* _What to do_
Count the lines below that include the word "steering", then give that number and no other words.

[Data extracted from a collection]
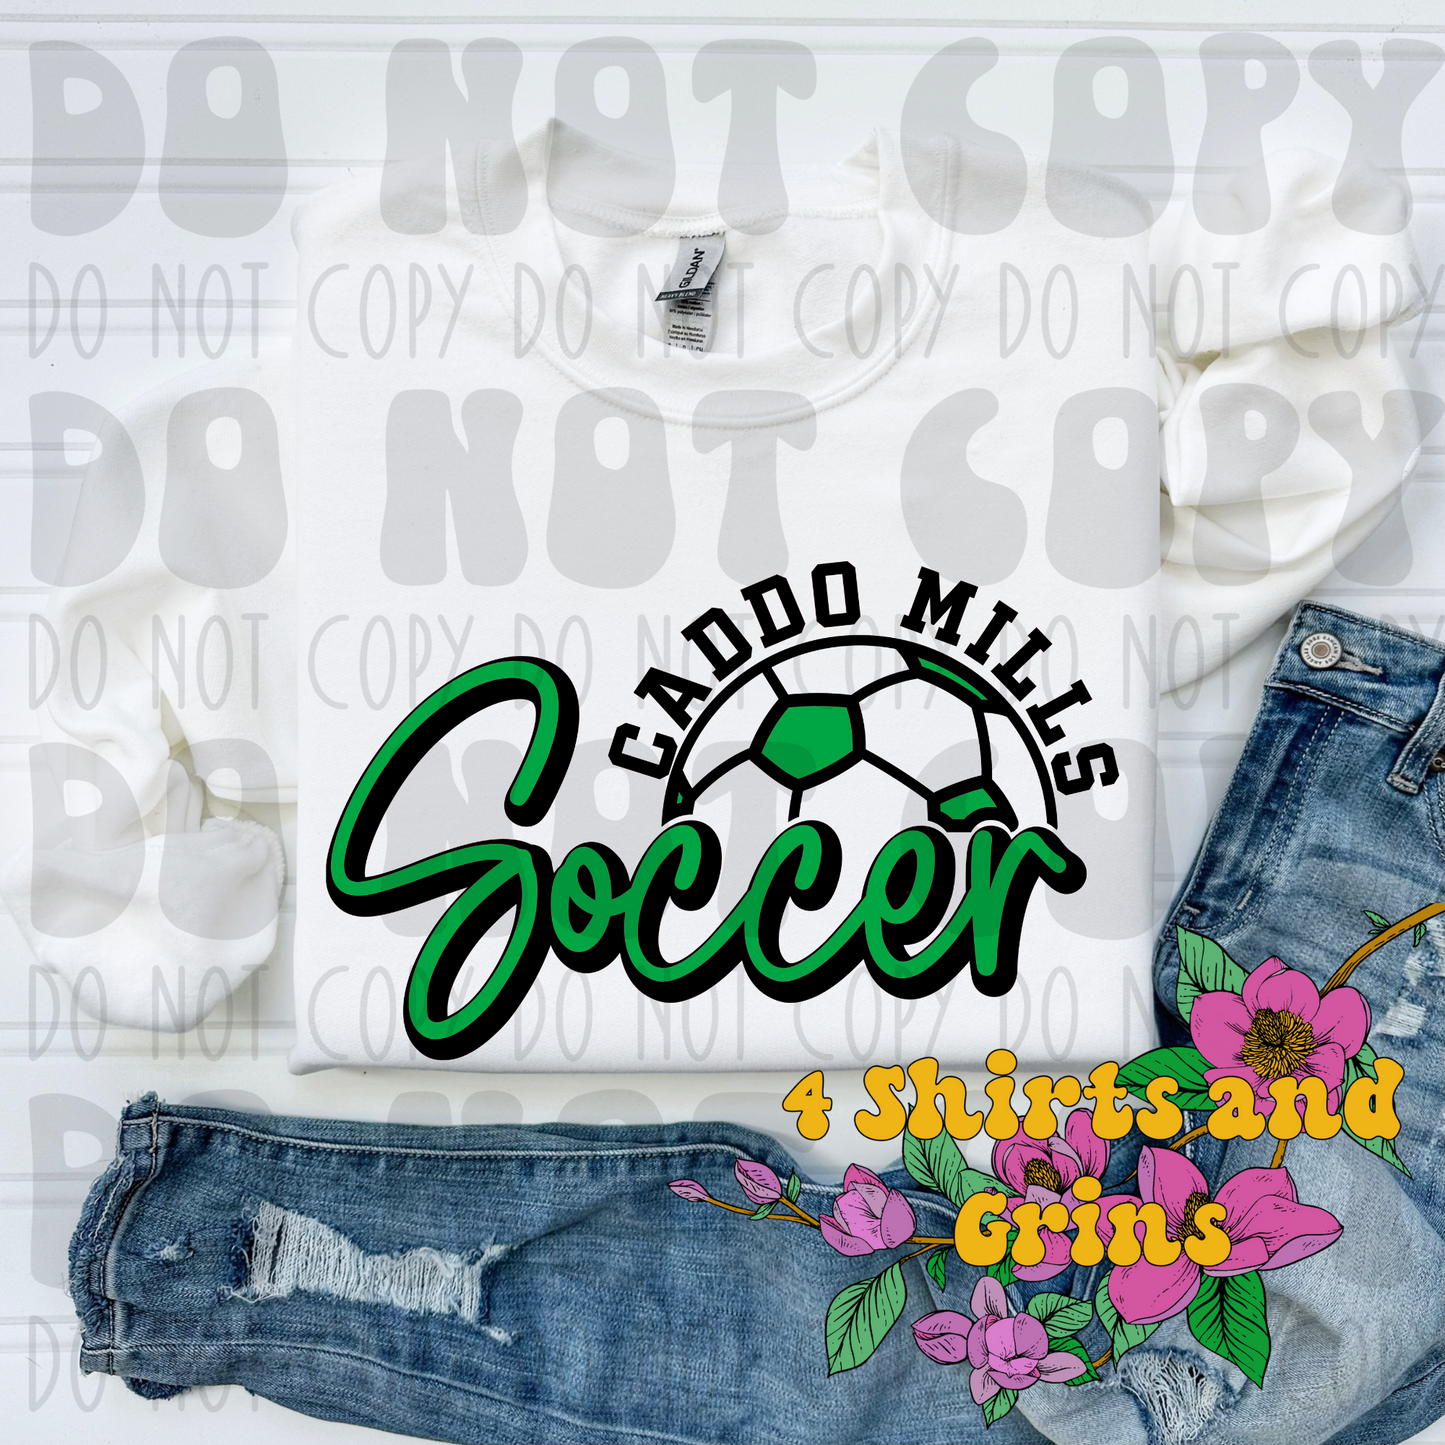 Caddo Mills Soccer - Youth Sizes
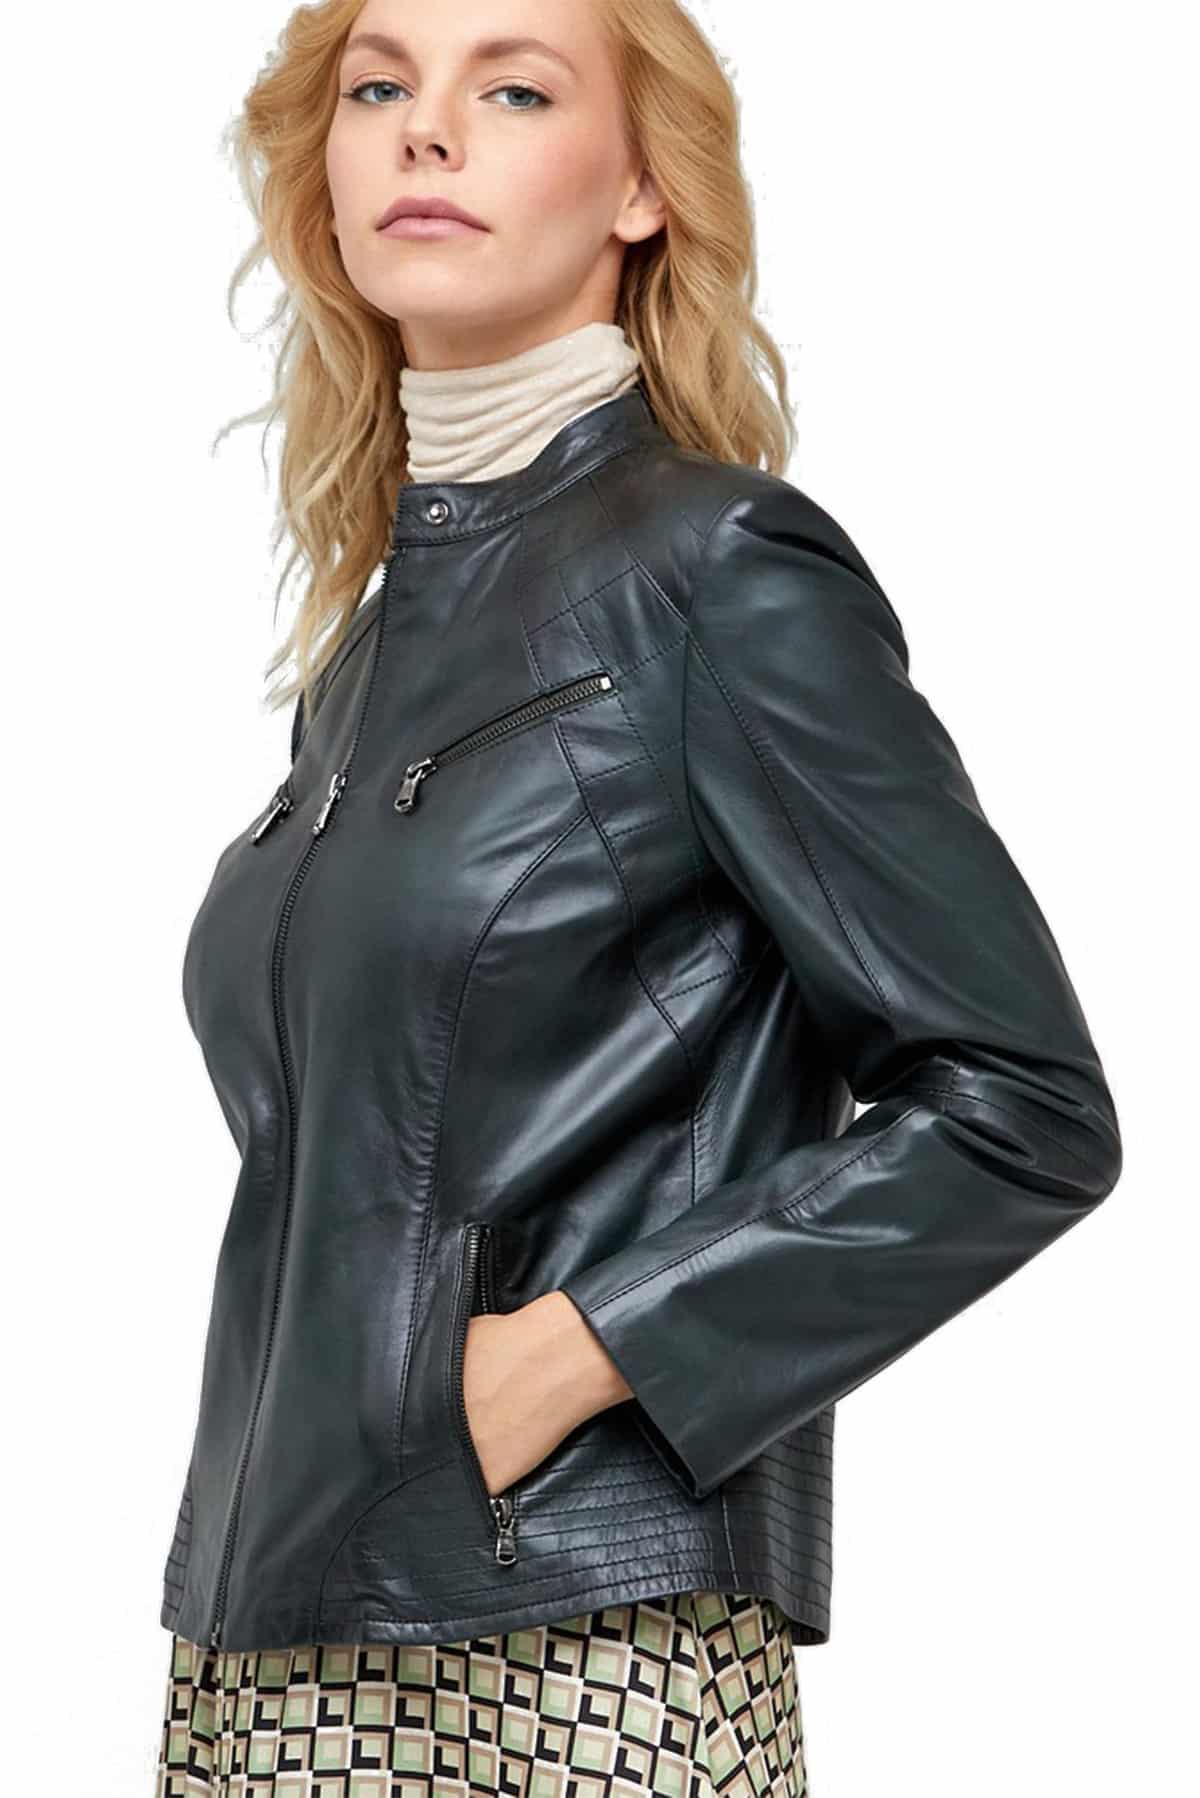 black or brown leather jacket women's
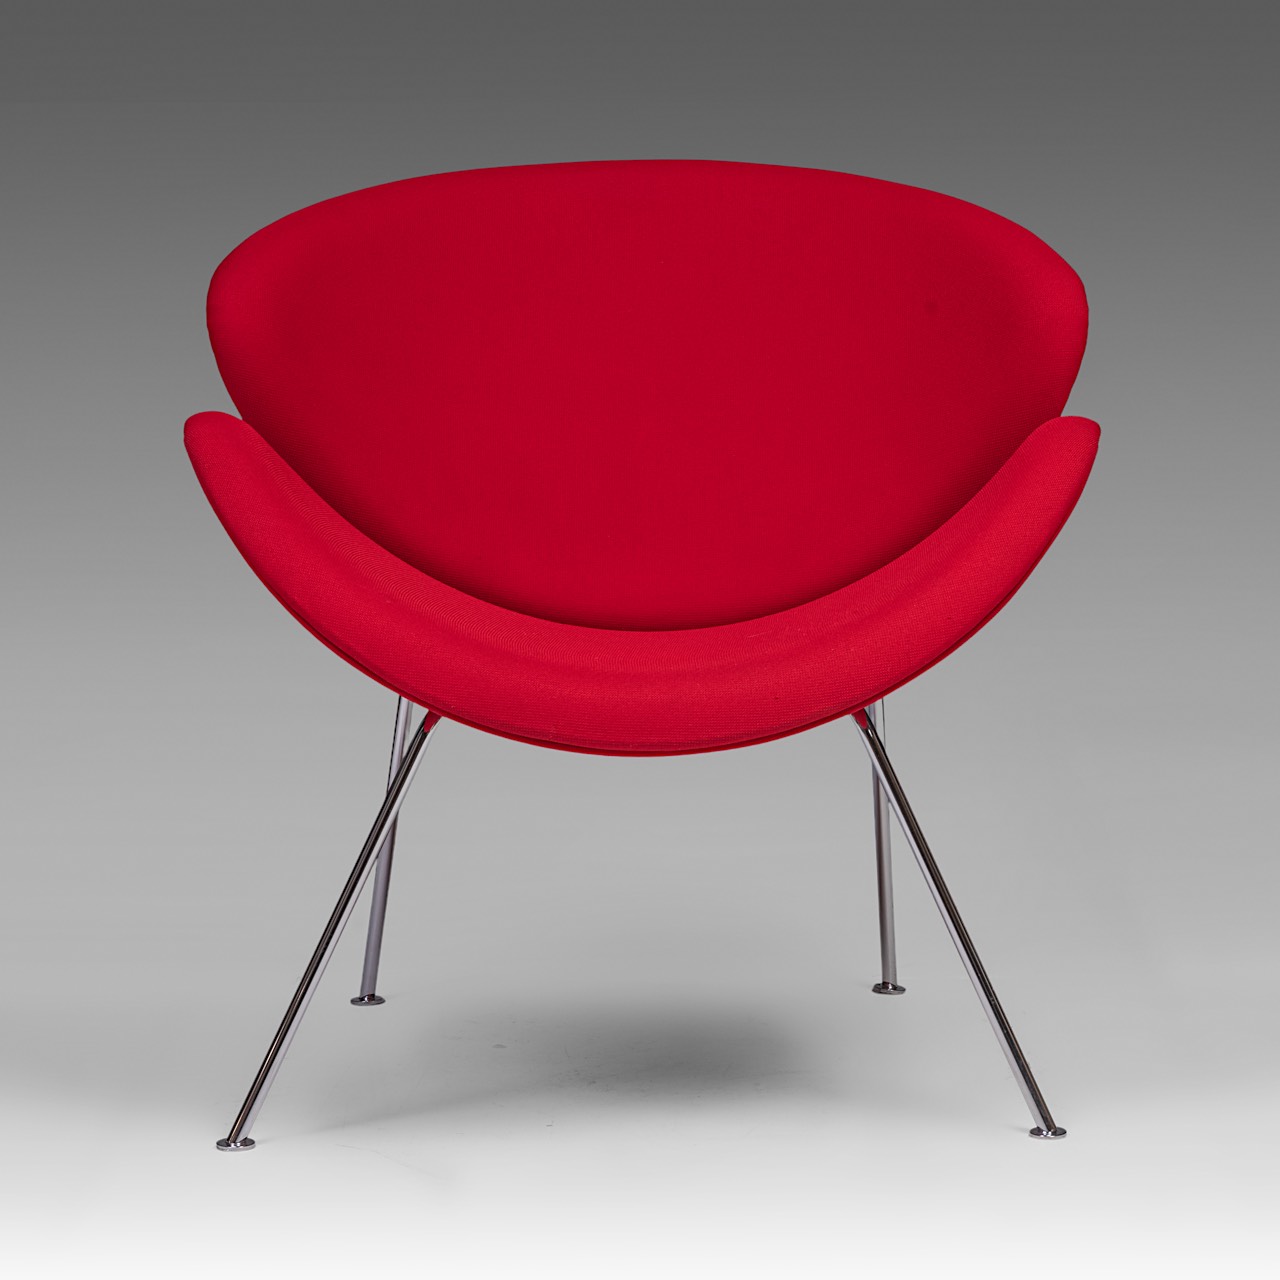 An Orange Slice chair by Pierre Pauline for Artifort, H 85 - W 82 cm - Image 3 of 9
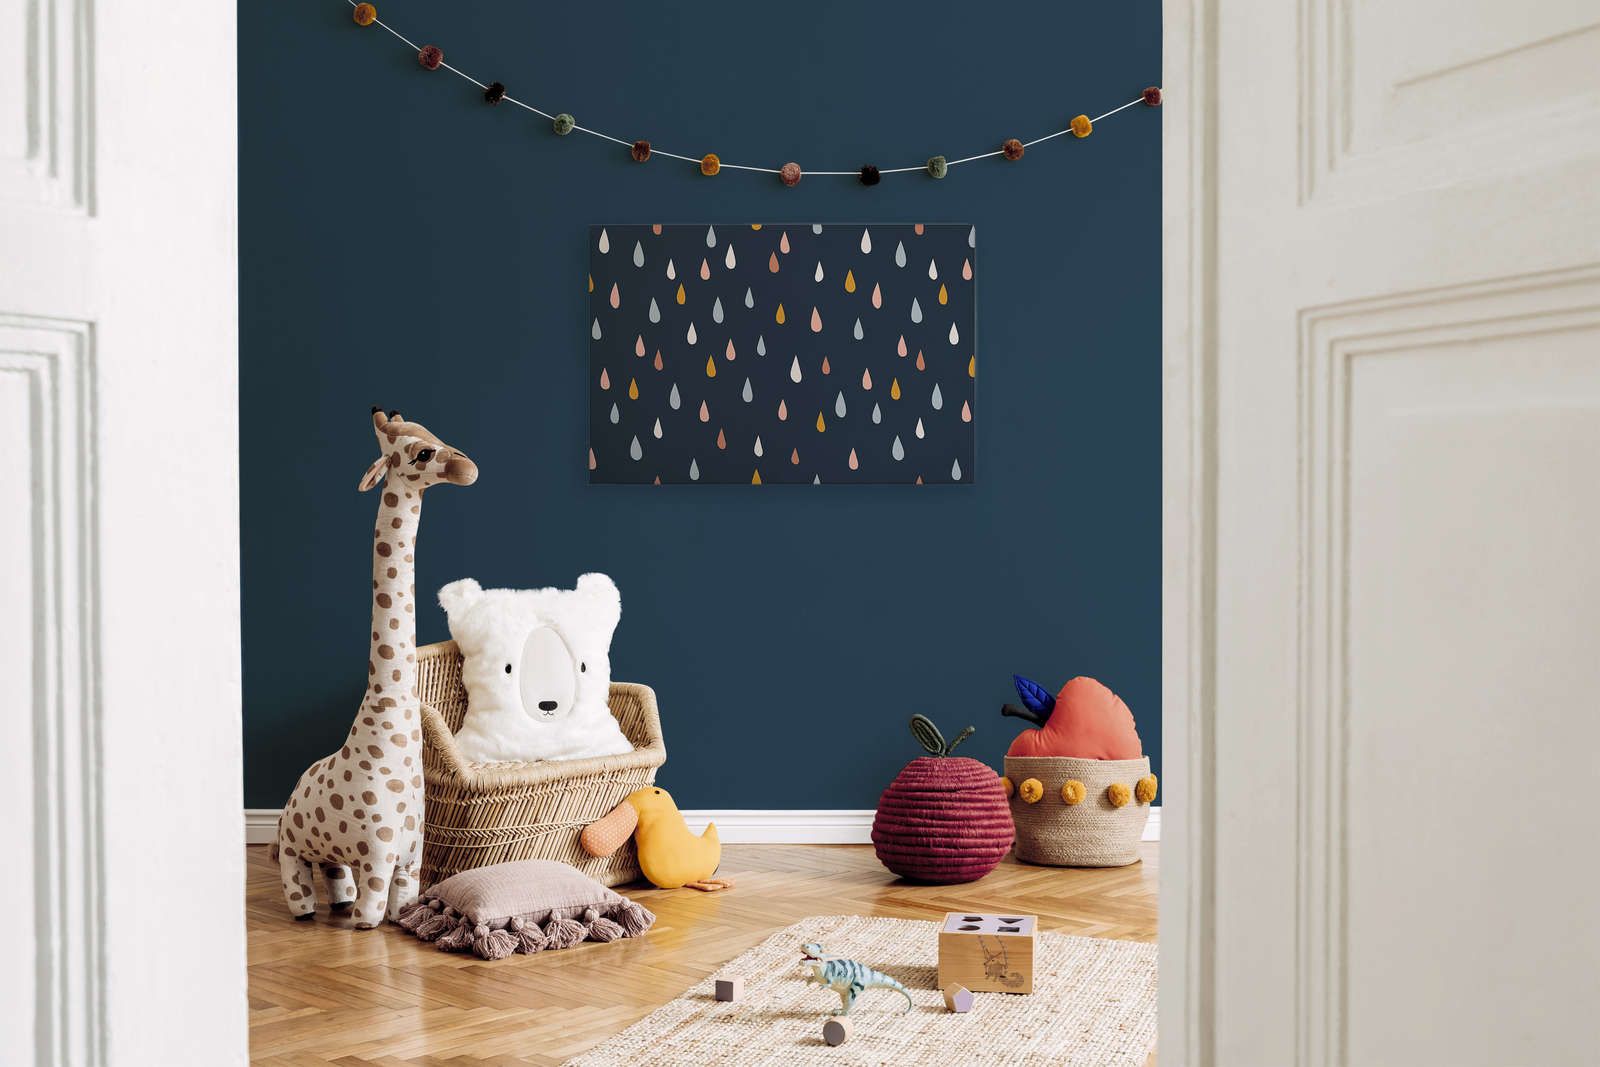             Canvas for children's room with colourful drops - 90 cm x 60 cm
        
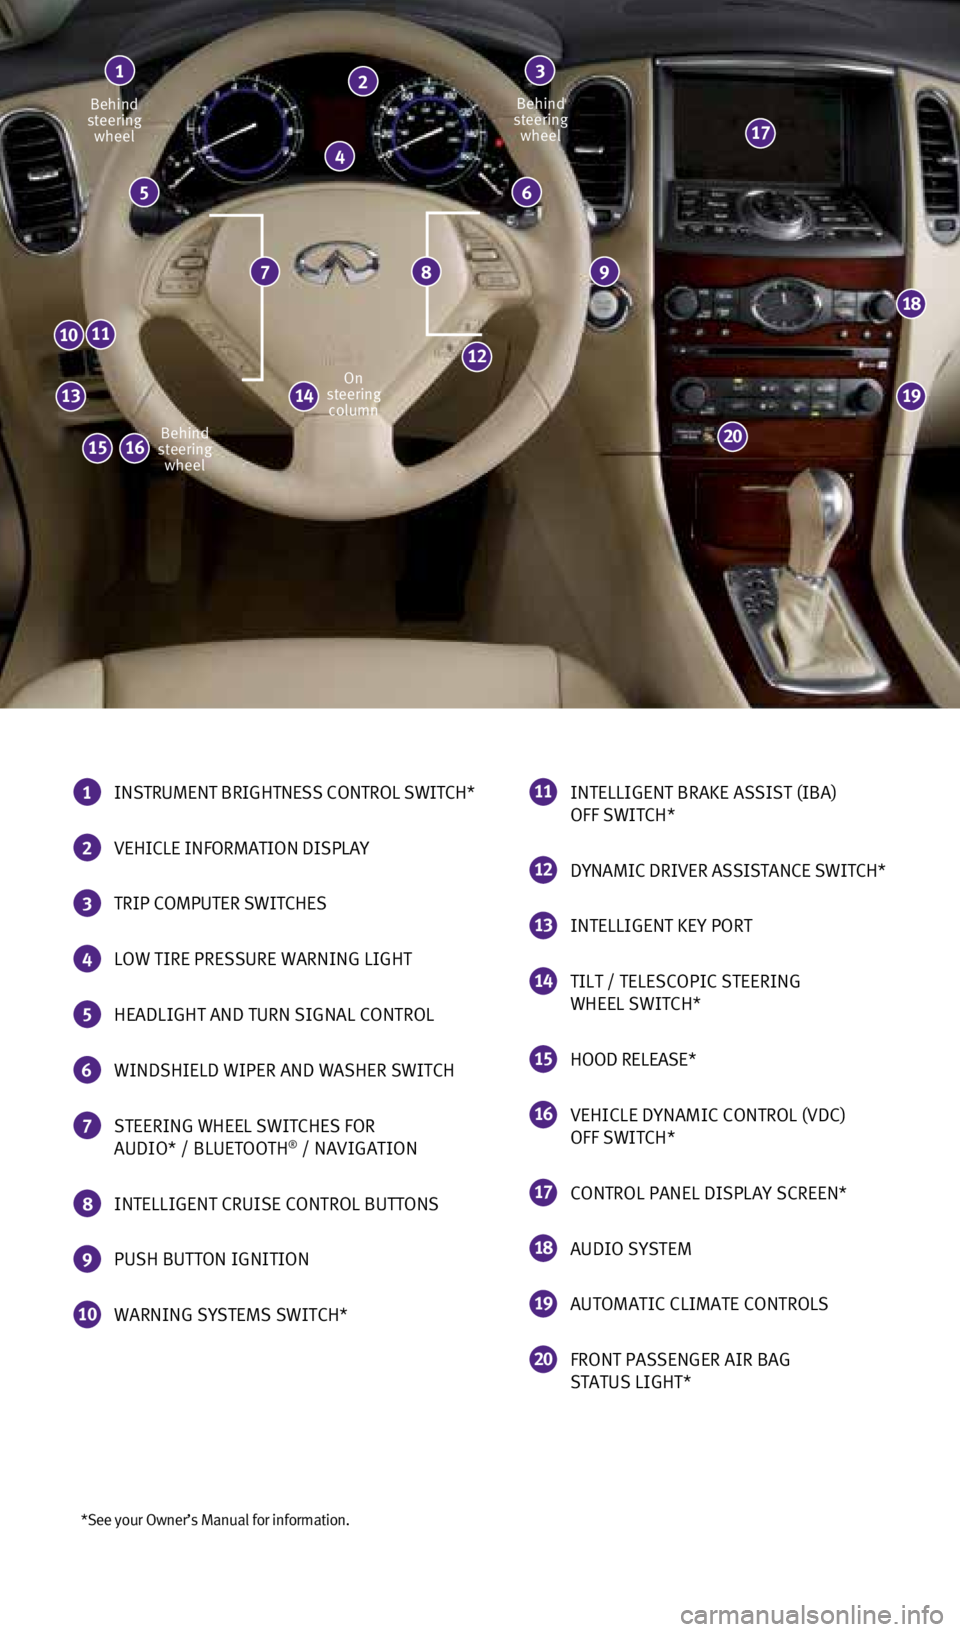 INFINITI QX50 2015  Quick Reference Guide *See your Owner’s Manual for information.
Behind 
steering  wheel Behind 
steering  wheel
On 
steering  column
Behind 
steering  wheel
1   INSTRUMENT BRIGHTNESS CONTROL SWITCH*
2 
VEHICLE INFORMATIO

* _Task response_
4